Roteiros inteligentes (principalmente antes da viagem)
Um dos maiores acertos do Gemini é na fase de planejamento antecipado.
Ao entender o contexto da viagem — como destino, datas e até se você está viajando com crianças — ele consegue:
- Criar roteiros diários equilibrados
- Sugerir atividades compatíveis com o perfil
- Organizar tudo automaticamente
👉 Isso reduz muito o esforço manual.
Além disso, ele pode salvar listas e roteiros diretamente no Google Keep, facilitando o acompanhamento.
Personalização: o diferencial (e também o risco)
Um dos recursos mais avançados é a chamada inteligência personalizada.
Com ela, o Gemini pode acessar dados como:
- Emails (reservas de voo e hotel)
- Agenda
- Histórico de buscas
Isso permite respostas como:
👉 “Restaurantes perto do meu hotel na hora que eu chegar” — sem precisar explicar nada.
Mas aqui existe um ponto de atenção:
- Nem todo mundo se sente confortável compartilhando esses dados
- A função ainda está em evolução
👉 Uma alternativa é usar uma conta separada só para viagens.
Onde a IA ainda falha
Apesar dos avanços, o Gemini ainda não é perfeito.

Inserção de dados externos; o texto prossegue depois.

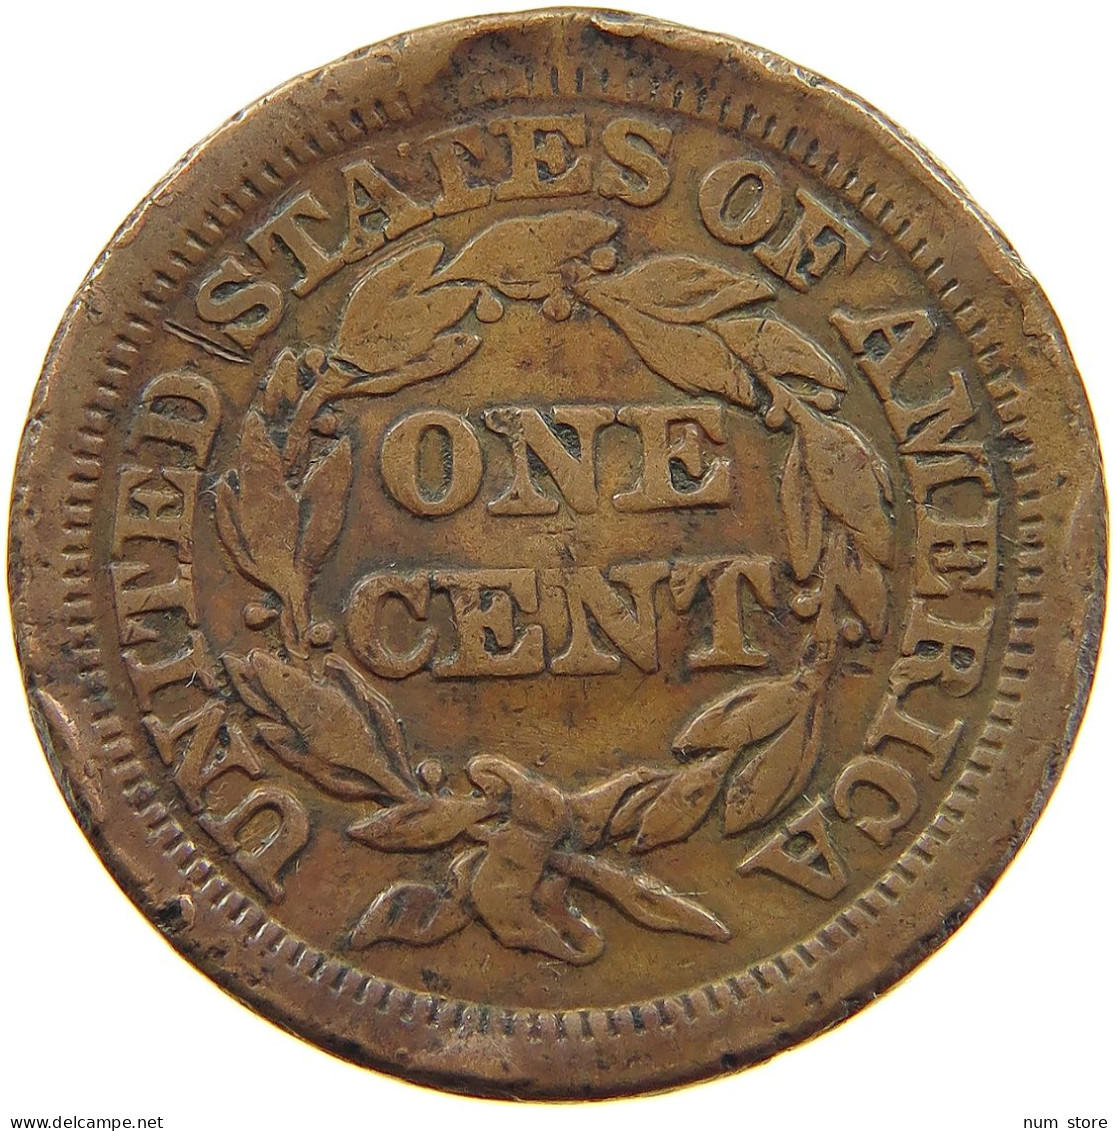 UNITED STATES OF AMERICA LARGE CENT 1853 Braided Hair #a007 0339 - 1840-1857: Braided Hair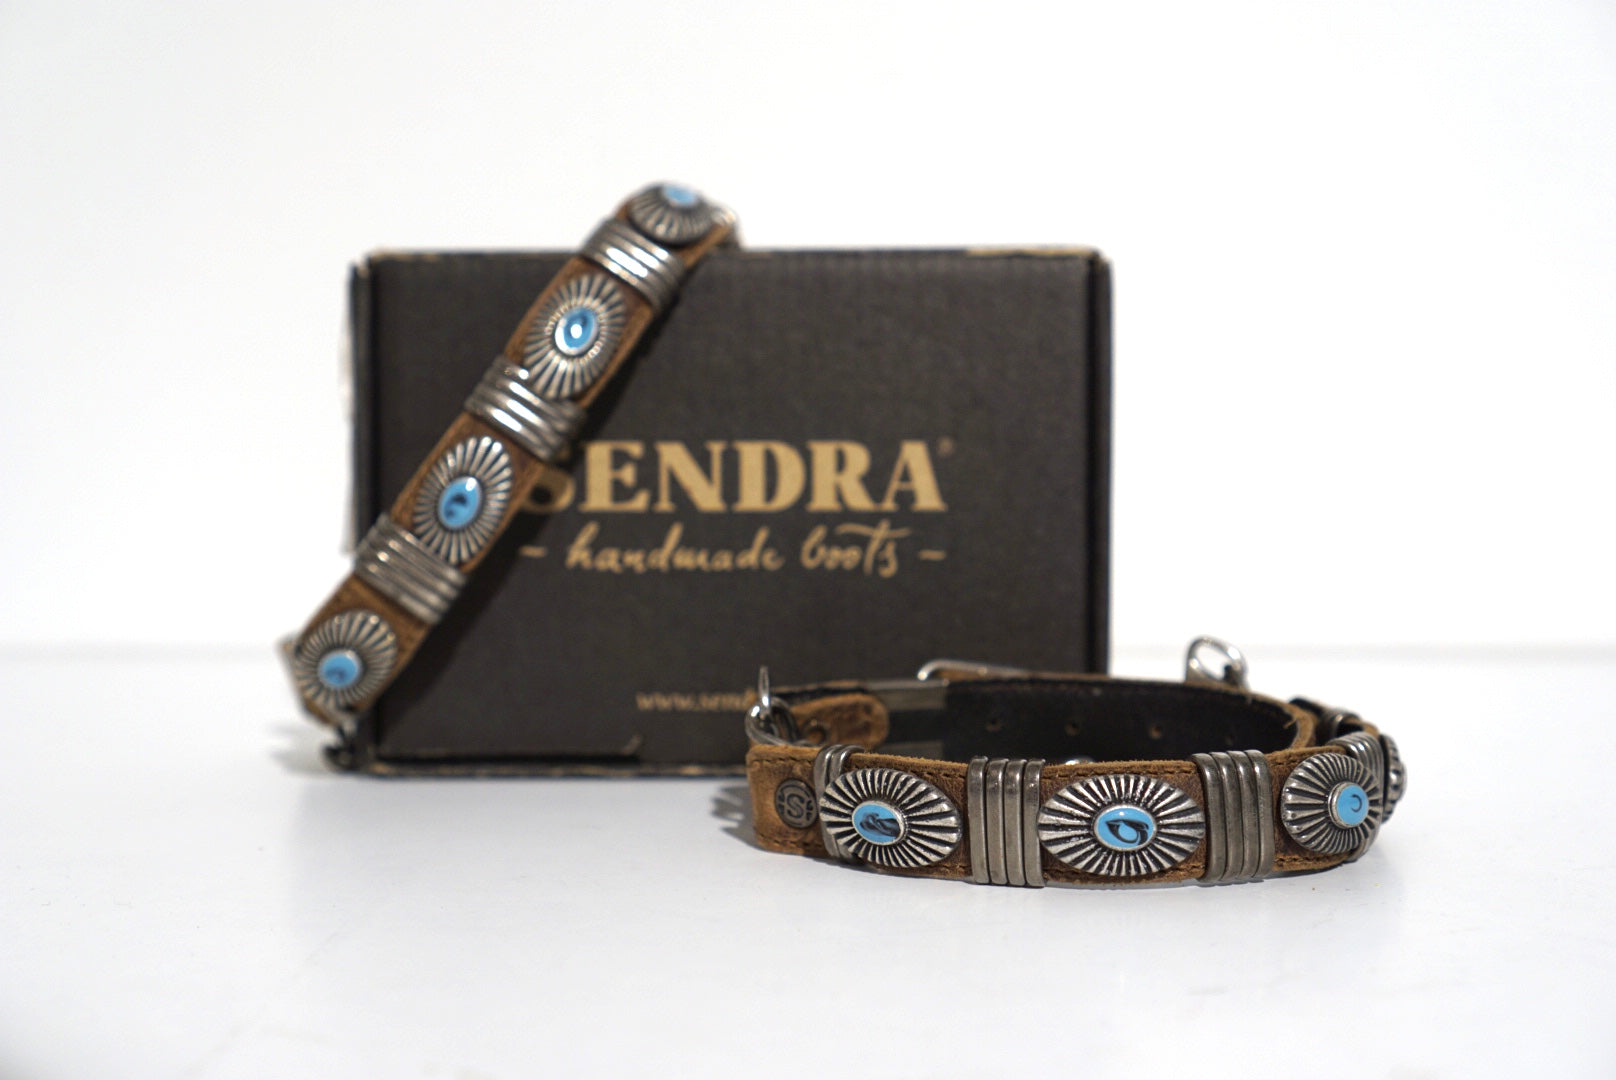 Sendra spores - light brown with turquoise concho

Alguns problemas identificados:
❌ Erros básicos
- Listas incompletas (como esquecer itens simples na mala)
- Sugestões genéricas em alguns casos
❌ Confusão de contexto
Em situações reais, o chatbot pode:
- Misturar locais diferentes
- Confundir hotéis ou cidades
👉 Isso acontece principalmente durante a viagem.
❌ Uso em tempo real ainda é limitado
Para decisões rápidas no destino, o desempenho ainda é inconsistente.
Quem salva o jogo: Google Maps com IA
Aqui entra um complemento importante: o recurso “Pergunte ao Maps” dentro do Google Maps.
Esse recurso funciona melhor para situações em tempo real, como:
- Encontrar restaurantes próximos
- Sugerir atividades com base no clima
- Criar rotas rápidas
👉 Na prática:
Gemini planeja — Maps executa
Busca de voos mais inteligente
Outro destaque interessante é a forma como o Gemini sugere voos.
Diferente de buscadores tradicionais, ele considera:
- Localização real do usuário
- Custos adicionais (transporte até aeroporto)
- Horários mais convenientes
👉 Ou seja, não busca só o mais barato — busca o mais inteligente.
Vale a pena usar?
Sim — mas com estratégia.
O Google Gemini funciona muito bem como:
✔ Assistente de planejamento
✔ Gerador de roteiros
✔ Organizador de viagem
Mas ainda precisa de:
❗ Revisão humana
❗ Ajustes manuais
❗ Complemento com outros apps
Conclusão
A inteligência artificial já é uma grande aliada para planejar viagens — mas ainda não substitui totalmente o controle humano.
Hoje, o melhor uso é claro:
👉 Use o Gemini para ganhar tempo
👉 Use o Maps para decisões rápidas
👉 E revise tudo antes de viajar
No mundo das viagens, a IA já deixou de ser promessa — mas ainda está em fase de aprendizado.